Eni announces that a new concession agreement aimed at governing an offshore exploration license in the prolific East Nile Delta Basin of the Mediterranean Sea, has received approval by the Egyptian authorities.
The exploration license, named Nour, is located approximately 50 km offshore in the Eastern Mediterranean, in water depth ranging from 50 to 400 meter, and covers a total area of 739 sqkm.

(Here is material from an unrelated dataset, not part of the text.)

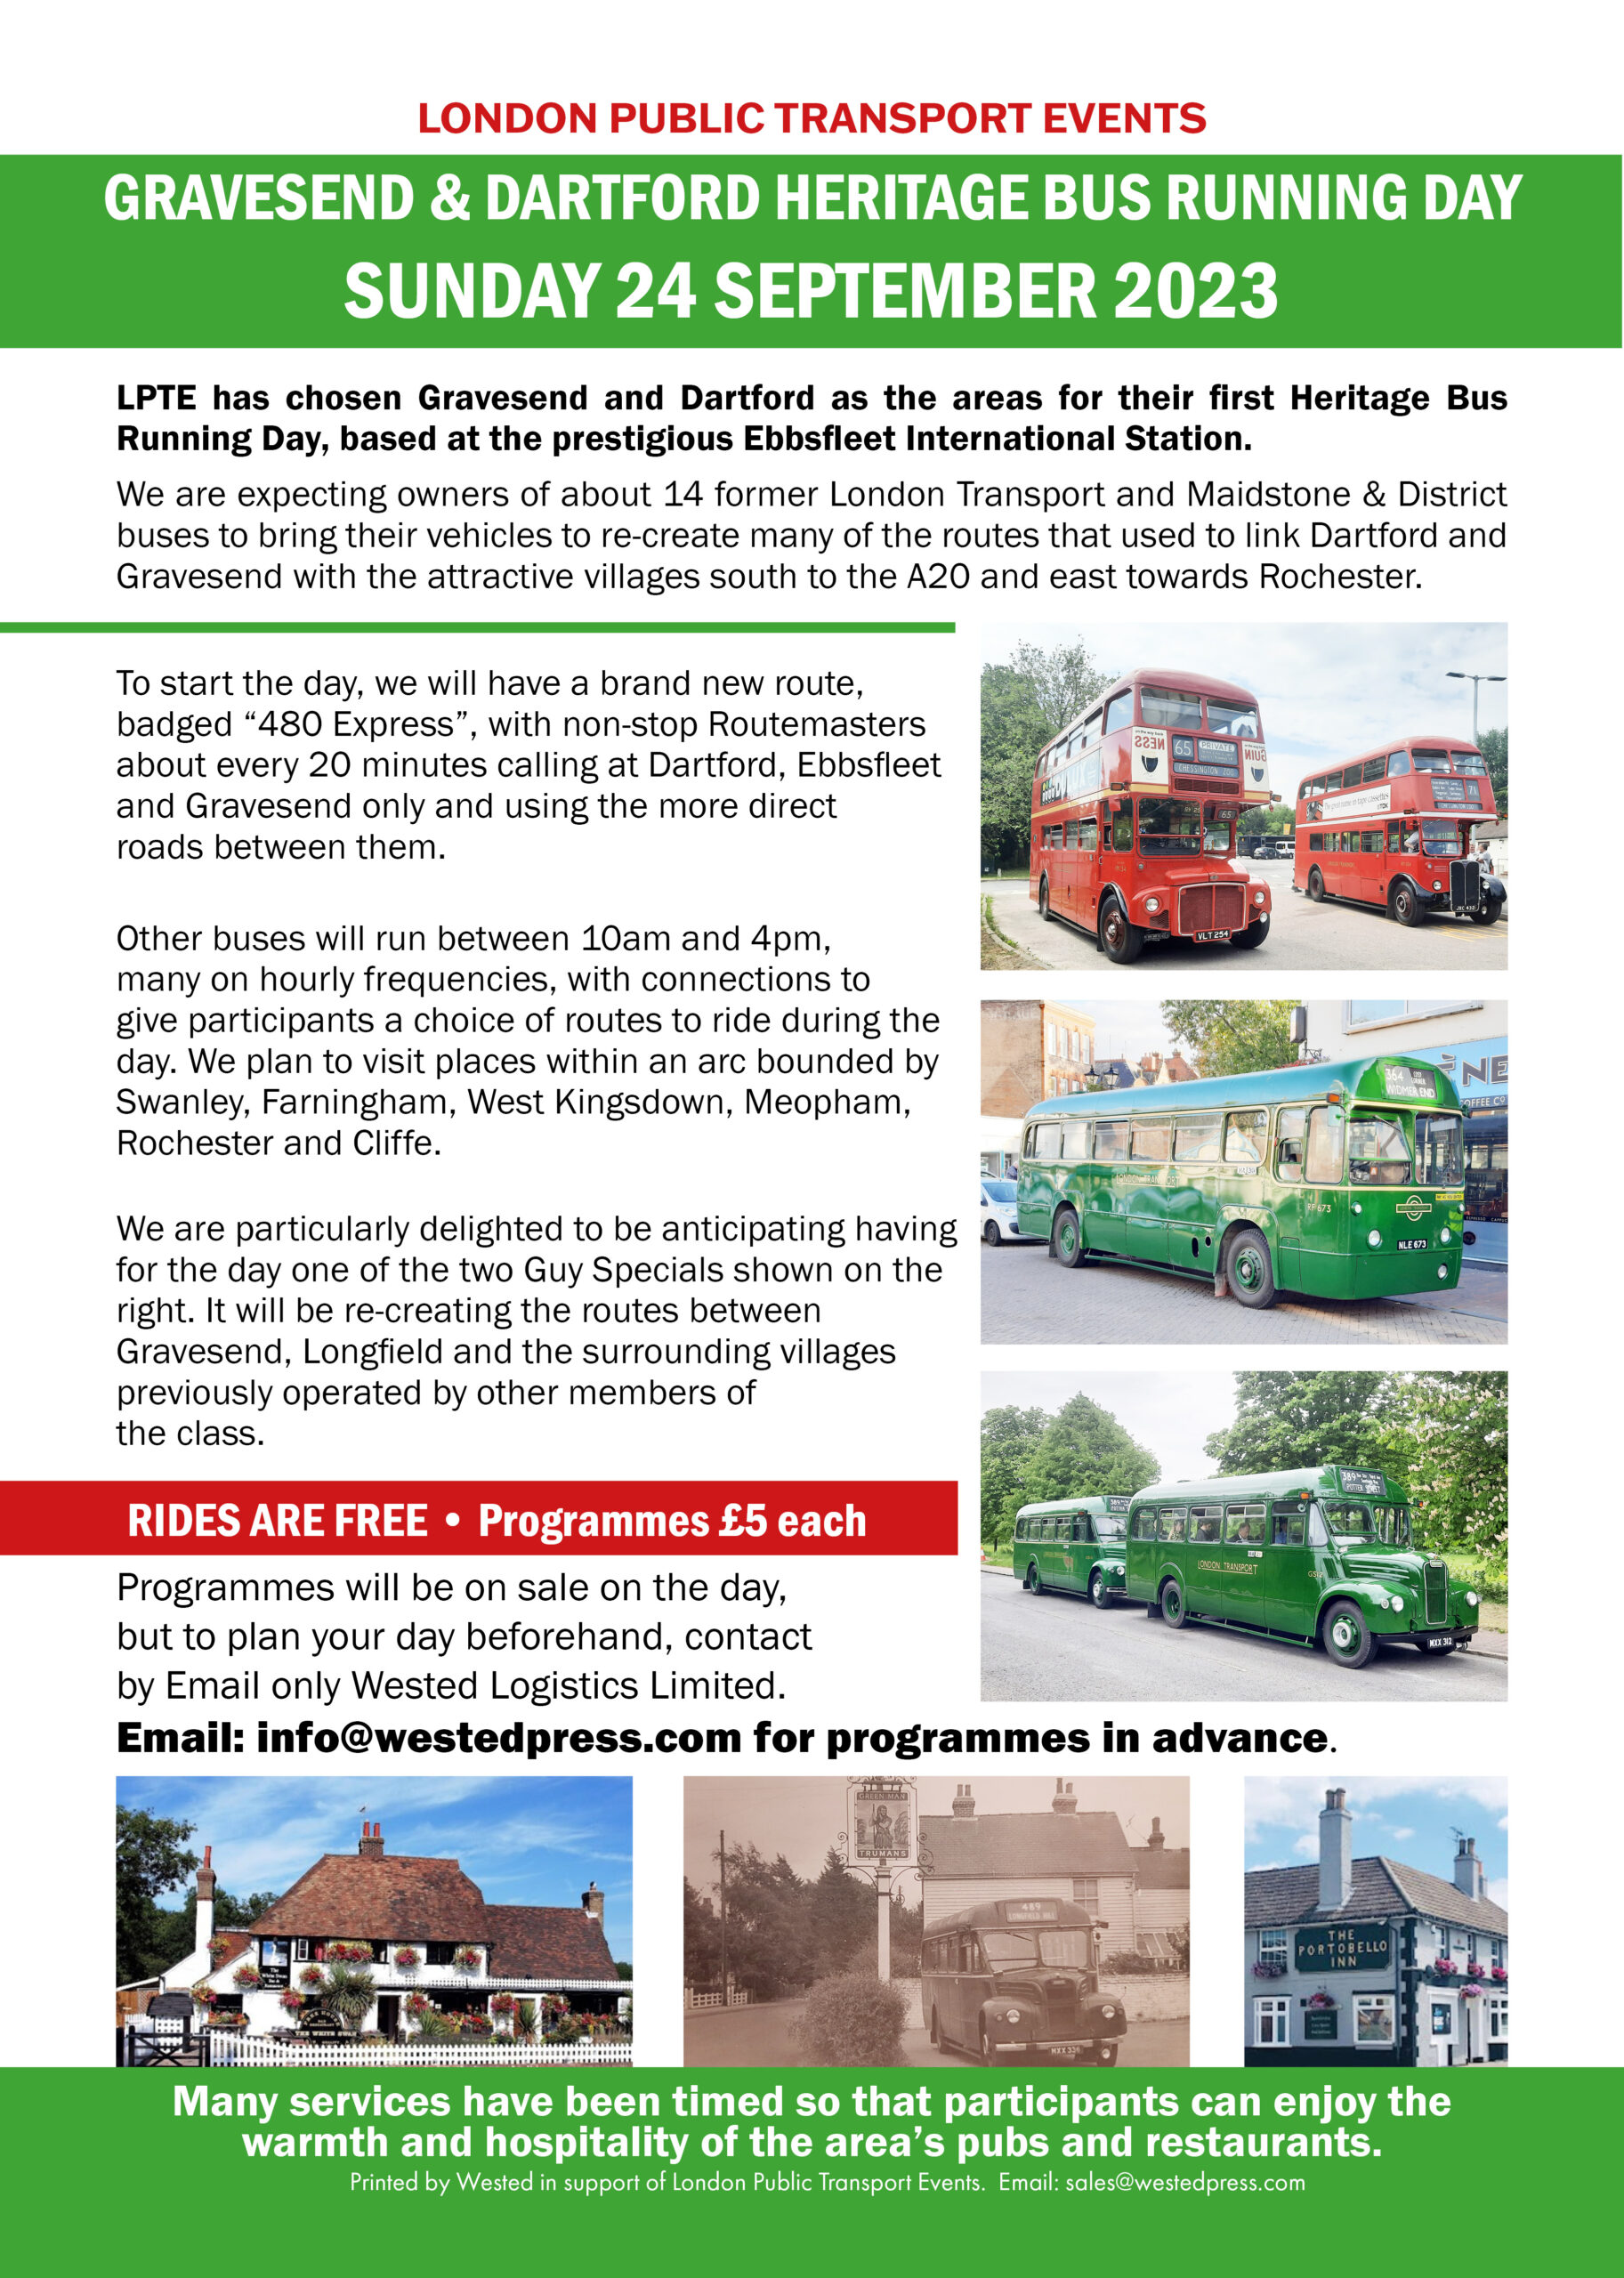 Gravesend & Dartford Heritage Bus Running Day

Eni plans to proceed with the drilling of an exploration well in the second half of the 2018.
This new acquisition further strengthens Eni’s position in Egypt, an area of historic and strategic importance for the company.
Nour is operated by Eni through its subsidiary the IEOC. In the concession, which is in participation with Egyptian Natural Gas Holding Company (EGAS), Eni holds an 85% stake in partnership with Tharwa Petroleum Company, which holds a 15% stake.
The Nour field has sparked widespread controversy in Egypt over the past month, after newspaper reports said it contained gas reserves equivalent to three times that of Zohr.
The Ministry of Petroleum and Eni confirmed that the field’s reserves have not yet been determined, although it is considered a promising field.
Eni said in a statement that the new license strengthens its presence in Egypt, which is of strategic importance.
The Ministry of Petroleum announced the signing three new oil and gas exploration agreements in the Mediterranean, Western Desert, and the Nile Delta, with investments reaching $139.2m and $55m of grants.
The ministry said in a statement that the agreements were aimed at drilling 15 new wells.
According to the statement, the first agreement is Eni’s license to dig two wells for $105m.
The second agreement was signed between the Egyptian Petroleum Corporation (EGPC), Eni of Italy and INA Naftaplin of Croatia in the Ras Qattara region in the western desert to dig nine wells worth $11.7m.
The statement said that the third agreement is signed between the EGPC, Eni, and BP in the delta to dig four wells for $22.5m.
“The oil sector is continuing to hold more oil agreements as the cornerstone for attracting investments, especially, since the oil potential of many land and offshore areas is high,” said Tarek El Molla, the minister of petroleum.
He added that the credibility of dealing with foreign partners and the commitment to their commitments stimulate them to inject more investments in research, exploration, development, and production activities.
In parallel, government sources denied that the oil sector is going to impose a new increase in the prices of natural gas on the industrial sector, especially, after the implementation of the decision to move whether to increase or reduce gas prices for commercial and domestic enterprises beginning this month.
The sources added that the government did not include the industrial sector in its recent decision to increase gas prices because the studies on the status of factories differ from the studies of the commercial and domestic sectors; therefore, the decisions to move prices for industries are separate from the increases for household, which consume only 5% of natural gas.
Notably, natural gas contributes 20% to 40% of the total cost of industrial products as the mainstay of energy-intensive industries, with the exception of the fertilizer industry, in which gas is as a major component by nearly 60%, the sources stated.